As the contract between individual and state fantasy deteriorates and Barbara negotiates her traumatic experience by creating a new fantasy, the most “anti-American” presence as the novel concludes is the emergency state itself. In line with the presence at the core of Barbara's fantasy, which emerges out of superimposed images of Lindh and memories of John Jude, a key concluding scene, set on 1 May 2002, focusses on Lindh's life in prison. In a unique switch in narration from third person to first person, the scene features the most explicit critique of the post-“9/11” US in the novel: “This is the age of oil, the age of the corporation, the age of terrorism, the age of martyrdom. It is surely not an accident that I am describing one and the same age.”Footnote 109 This statement draws a direct link between America's economic hegemony, global ambitions and aggressive foreign policy as the narrator portrays the state as a perpetrator of terror.

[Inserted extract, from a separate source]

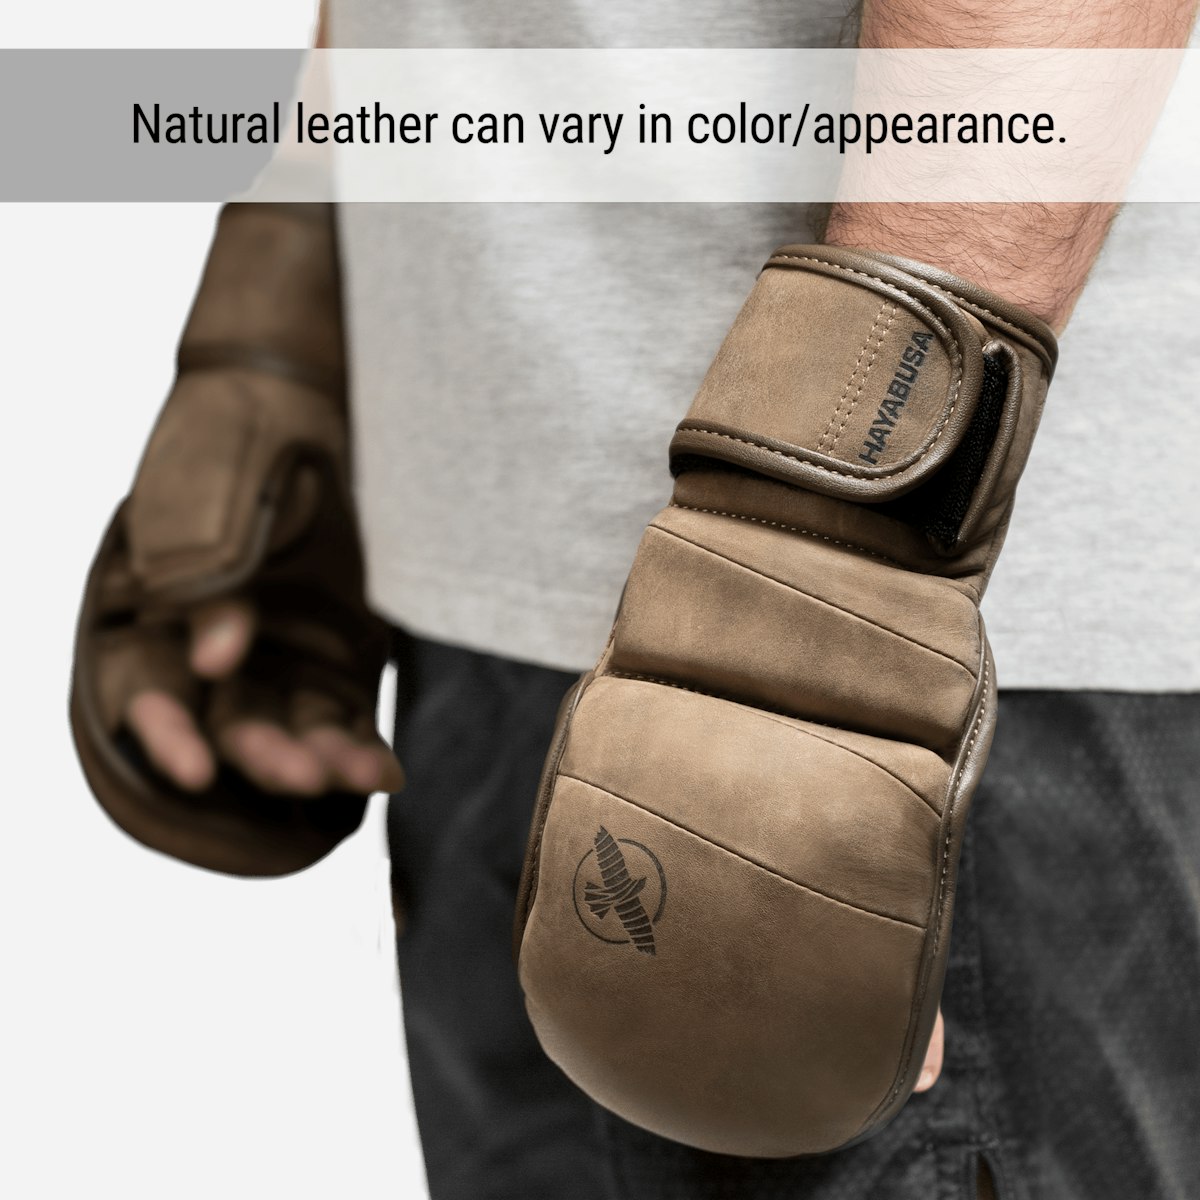 Hayabusa T3 LX 7oz Hybrid Gloves | MMA Training Gloves • Hayabusa

The scene, set in the cell block where Lindh is detained, shows a prison guard interrupting the Muslim inmates’ collective prayer: “Where do you think you are? Where DO they think they are? This is no mosque in Medina, this is an American prison goddammit paid for by the American people, so keep it down, shutthefuckup.”Footnote 110 This scene explicitly represents Muslim detainees being deprived of their human rights. The narrator reminds the reader, not without irony, that the scene was set “in an American facility nine miles from the White House, where our president worships his own God.”Footnote 111 As demonstrated by both the prison scene and the earlier reference to a photograph of Lindh captured which was printed on the front pages of national newspapers almost immediately after being taken, American Taliban offers a story which is not about acts of torture taking place in the shadows, away from the public eye; instead, the novel proposes a narrative in which tortured bodies come into focus almost immediately after the “punishment” was inflicted, a narrative dominated by so-called “terrorists” in which the American state emerges as the most “anti-American” character. Abraham's novel interrogates and complicates the “American,” “un-American” and “anti-American” identities assigned to Selves and Others both pre- and post-“9/11” and encourages the reader to do the same.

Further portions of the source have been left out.